30.18. 18. Of the double Service.
It was a fundamental principle of the
monarchy that whosoever was subject to the military power of another
person was subject also to his civil jurisdiction. Thus the Capitulary
of Louis the Debonnaire,
[117]
in the year 815, makes the military power
of the count and his civil jurisdiction over the freemen keep always an
equal pace. Thus the placita
[118]
of the count who carried the freemen
against the enemy were called the placita of the freemen;
[119]
whence undoubtedly came this maxim, that the questions relating to liberty
could be decided only in the count's placita, and not in those of his
officers. Thus the count never led the vassals
[120]
belonging to the
bishops, or to the abbots, against the enemy, because they were not
subject to his civil jurisdiction. Thus he never commanded the
rear-vassals belonging to the king's vassals. Thus the glossary of the
English laws informs us
[121]
that those to whom the Saxons gave the name
of Coples
[122]
were by the Normans called counts, or companions, because
they shared the justiciary fines with the king. Thus we see that at all
times the duty of a vassal towards his lord
[123]
was to bear arms
[124]
and to try his peers in his court.
One of the reasons which produced this connection between the
judiciary right and that of leading the forces against the enemy was
because the person who led them exacted at the same time the payment of
the fiscal duties, which consisted in some carriage services due by the
freemen, and in general, in certain judiciary profits, of which we shall
treat hereafter.
The lords had the right of administering justice in their fief, by
the same principle as the counts had it in their counties. And, indeed,
the counties in the several variations that happened at different times
always followed the variations of the fiefs; both were governed by the
same plan, and by the same principles. In a word, the counts in their
counties were lords, and the lords in their seigniories were counts.

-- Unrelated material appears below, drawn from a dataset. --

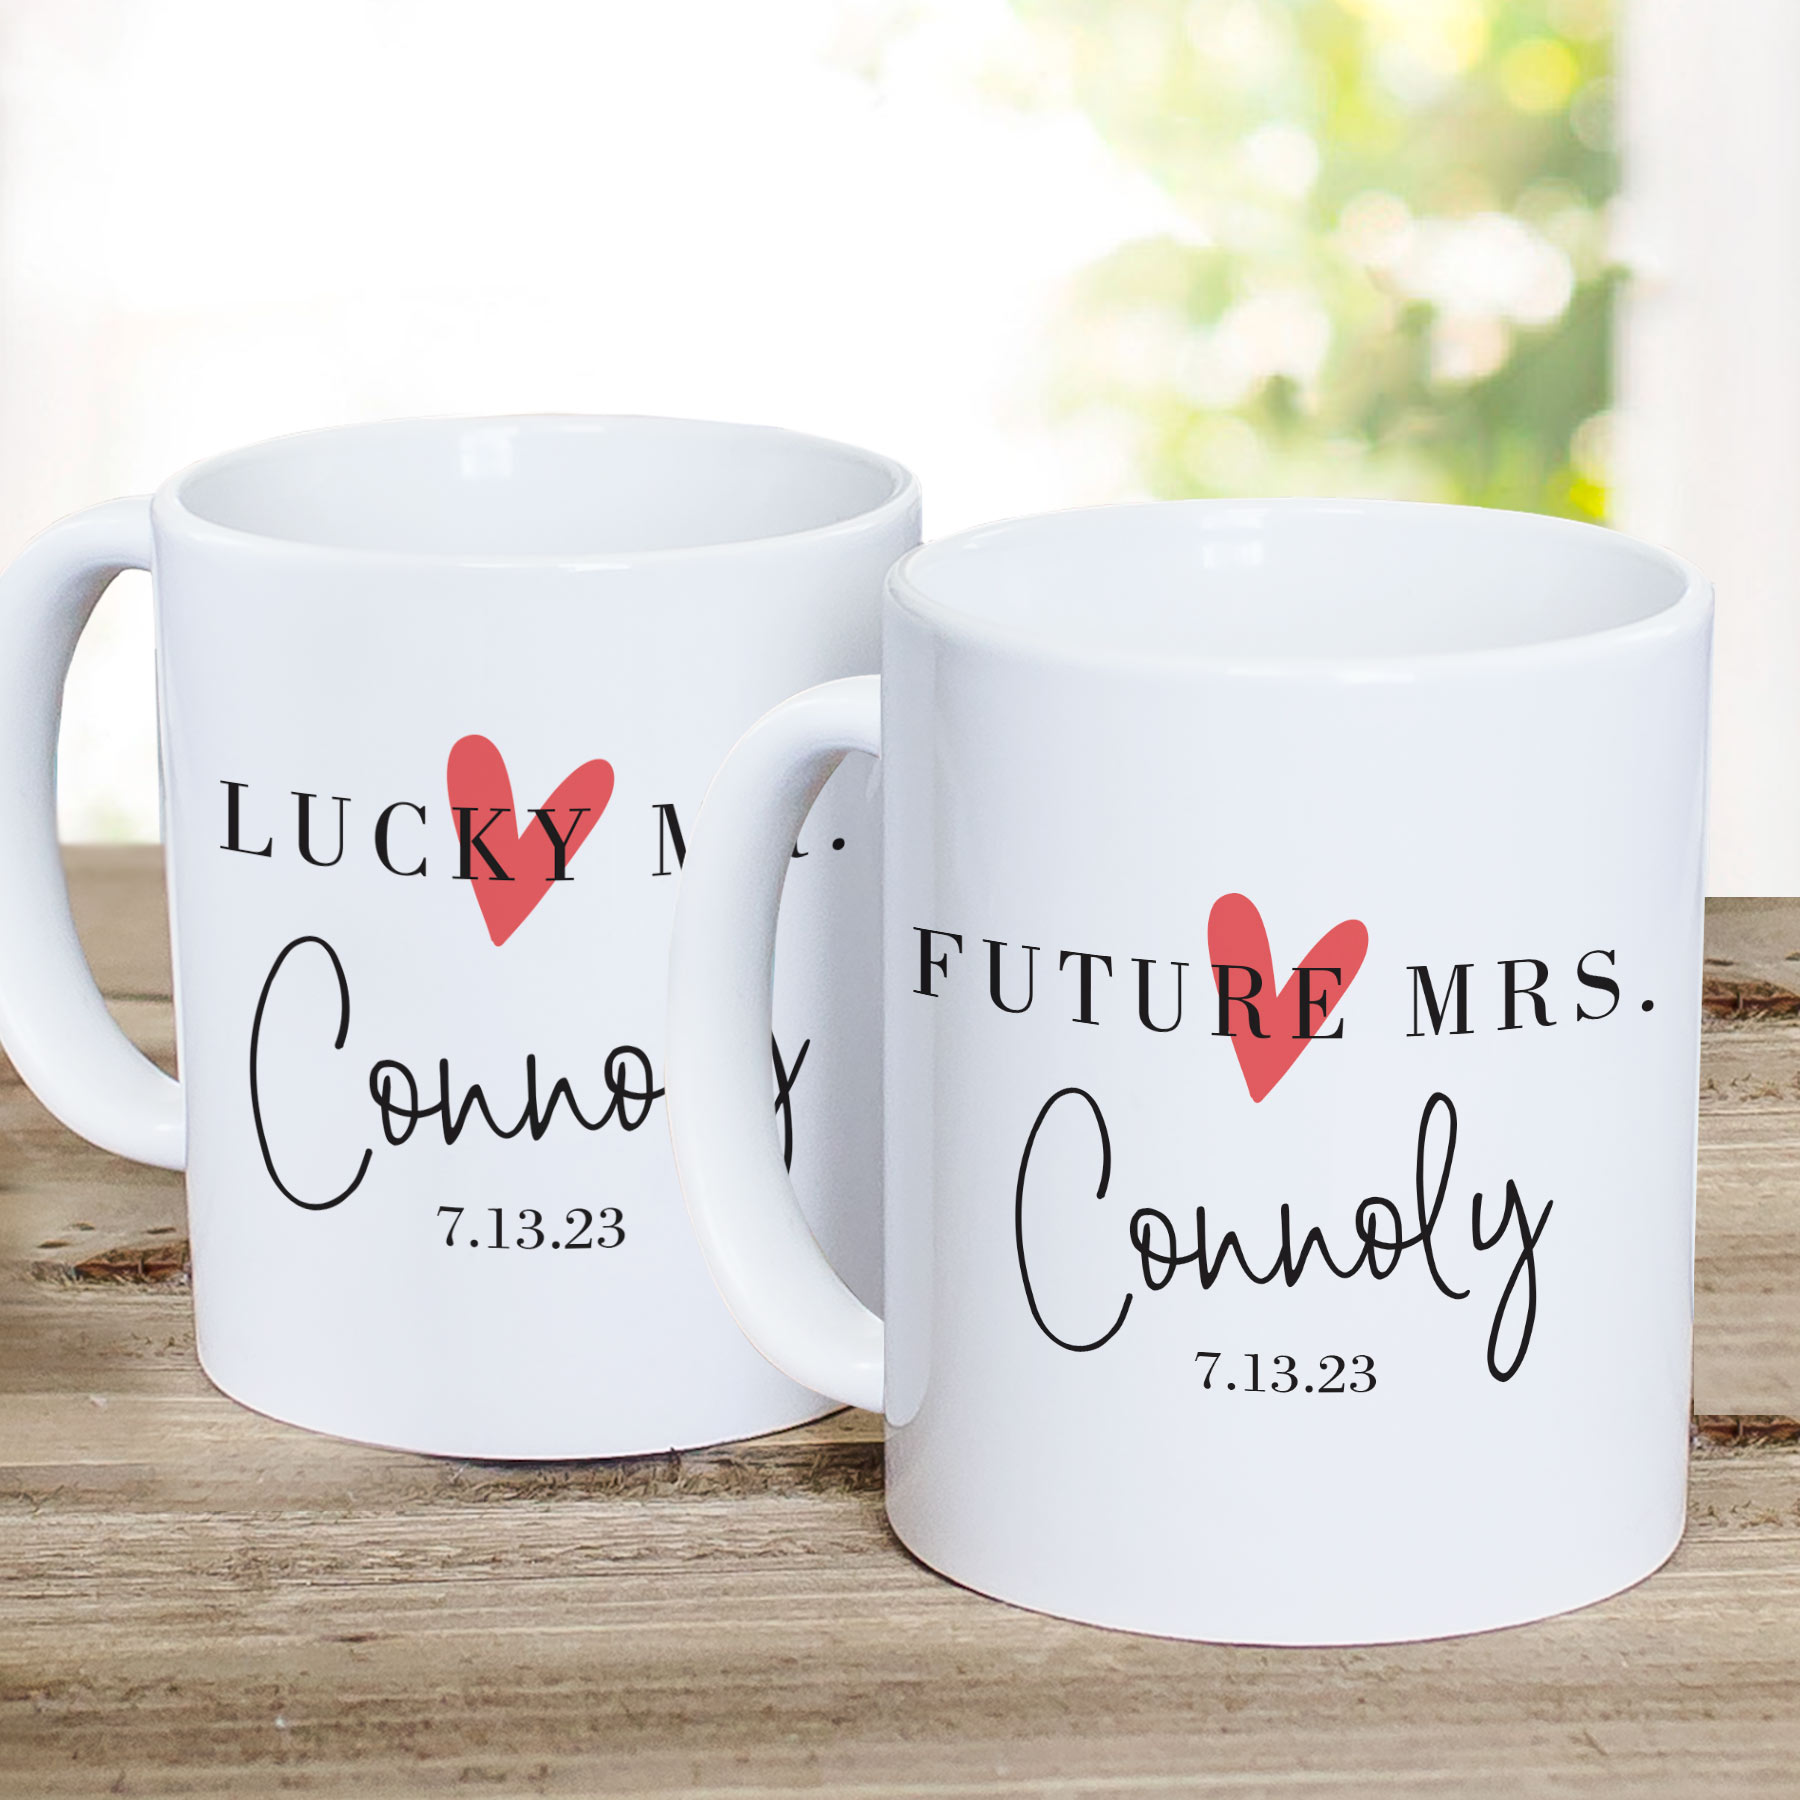 Personalized Wedding Mugs - Set of 2 20000x2

It has been a mistake to consider the counts as civil officers, and
the dukes as military commanders. Both were equally civil and military
officers:
[125]
the whole difference consisted in the duke's having
several counts under him, though there were counts who had no duke over
them, as we learn from Fredegarius.
[126]
It will be imagined, perhaps, that the government of the Franks must
have been very severe at that time, since the same officers were
invested with a military and civil power, nay, even with a fiscal
authority, over the subjects; which in the preceding books I have
observed to be distinguishing marks of despotism.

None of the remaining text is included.